Places to Meet Other Gay Men to Date

An Overview of the Hot Spots, With Some Pros and Cons

If you're looking to get into the dating scene but are having trouble meeting guys, it's possible that you're looking for love in all the right places. Here's a quick overview of some of the likely places to look, with some quick comments about the pros and cons of each. Future articles will explore each approach in more details.

Bars and nightclubs. Conventional wisdom suggests that it's hard to find true love in a bar. The truth is that it doesn't need to be harder than anywhere else, provided that you take the right approach, and that you're personally comfortable there. Bars do tend to be image-focused, so it helps to look and dress for that bar's particular scene. The guys you meet will likely first meet you based on appearances - which may seem shallow, but it's just a starting point. But if you're quiet and shy, going alone is deadly.
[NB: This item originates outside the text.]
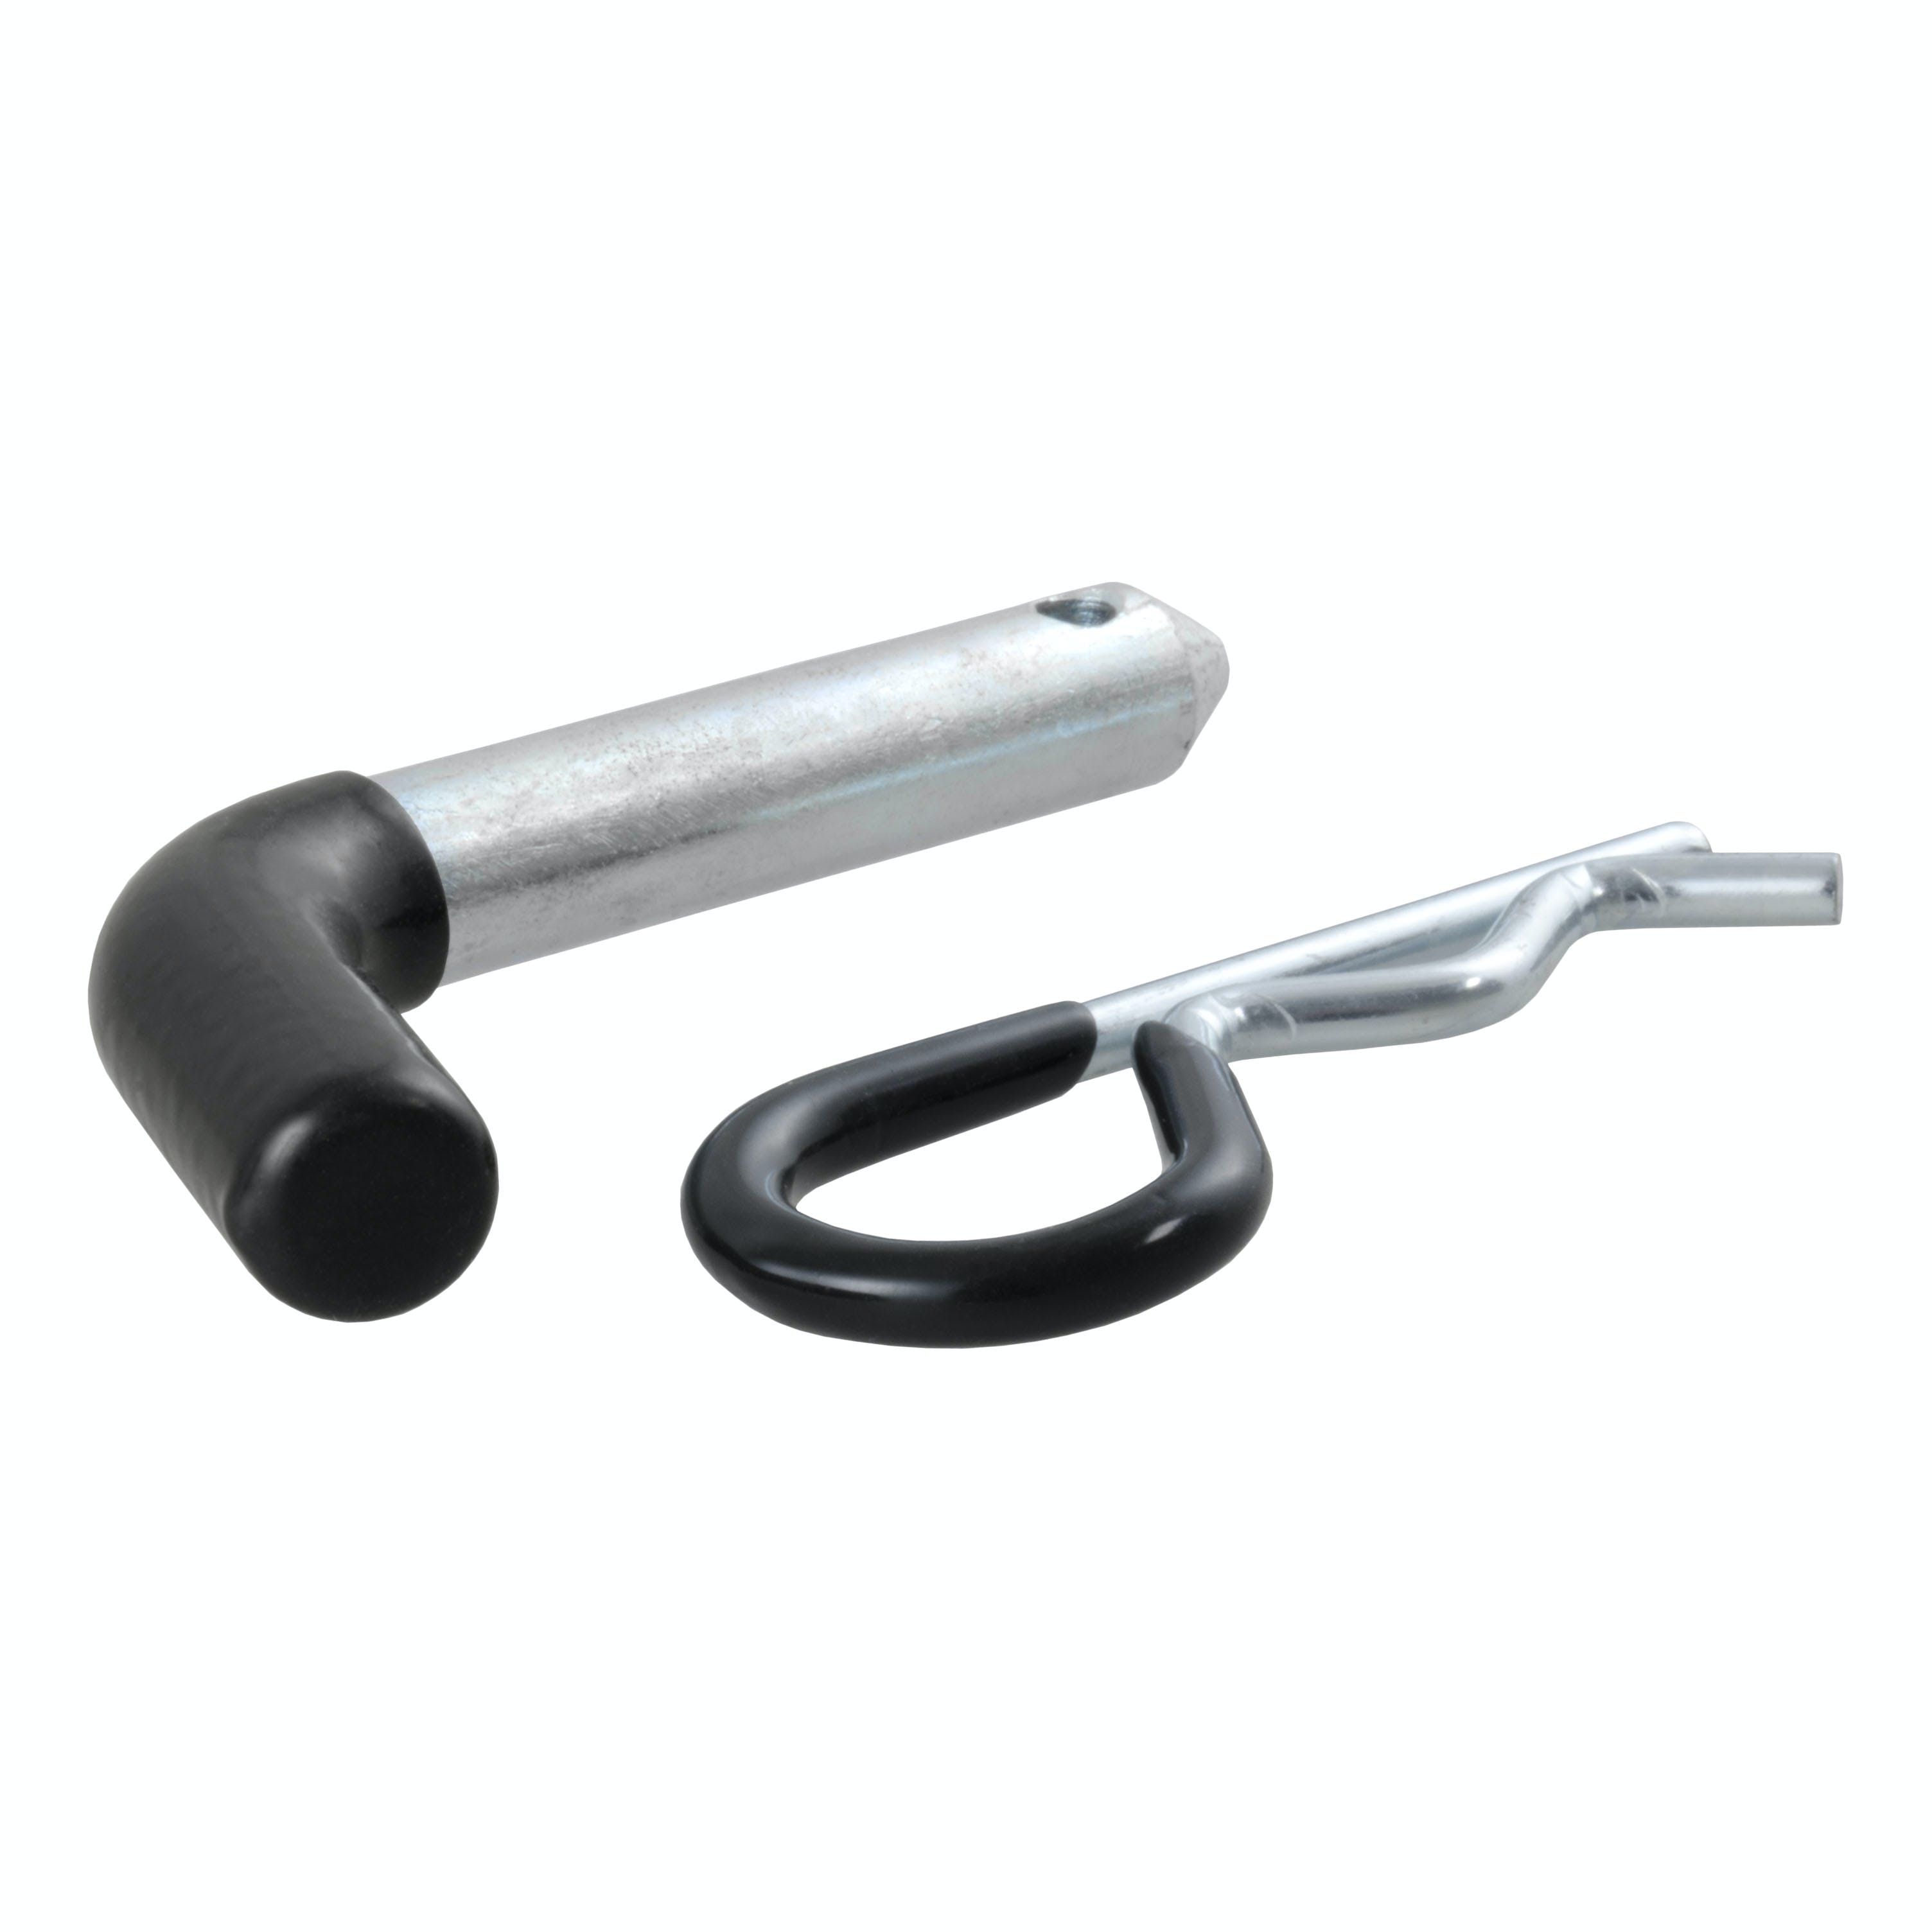 CURT 21411 1/2 Hitch Pin (1-1/4 Receiver, Zinc with Rubber Grip, Packaged)

Always go with friends unless you have the right ongoing personality to meet new people easily.

Activities and groups. The flip side to the common wisdom is that the best way to meet a guy is join a gay group involved in an activity that interests you. There's some wisdom here, but it's limited. If you meet a guy you find attractive in a gay skiing group, for example, you'll know that you both like to ski, but relationships are based on a lot more than a single common interest. It's a starting point, no worse than any other, but also no better. But these sorts of activities do have one advantage: they often allow you to interact more casually with others in a low-stress manner that gives you a better chance to assess compatibility than other venues.

Personal ads. Placing or responding to a personal ad is a great way to meet new men. One advantage: you get a clearer sense of the other guy's interests and goals than other venues. Newspaper ads can and have been successful for many guys, but suffer from greater space limitations than online ads. Stick to the Internet if you can.

Parties and events. Parties thrown by your friends can be an excellent way to meet new guys. It can give you an easier chance to mingle than in a bar, particularly if you're shy. You'll both probably know others at the party, like the host, which gives you a chance to learn a little more about the other guy (and a way to get his number if you failed to get it before he left). But take these events casually; if you're too aggressive about seeking to find a potential match, you'll project an aura of desperation that can be a real turn-off.

Getting set up by friends. Similar to parties and events thrown by friends, but more direct. If your friends know that you're ready to get into the dating pool, they can keep their eyes out for potential matches and introduce you to their other single friends. Hate being set up by friends? Don't be so proud, but be sure to keep it casual with low expectations, at least at first. And above all, don't get mad at your friends if their tastes differ from yours, or a connection they think is right ends up not working out.

Gay men can be anywhere. In your daily life, be receptive to finding a surprising connection anywhere you go. A chance encounter anywhere can lead to a conversation, coffee, and date, and then...?

Anywhere, not everywhere. Just because you can meet gay men anywhere doesn't mean you should aggressively pounce on every gay man you meet. Look for hints that he might also be interested and available. But for God's sake, be casual and natural about it! Constant leering and aggressive flirting can be a big turn-off and can reek of desperation.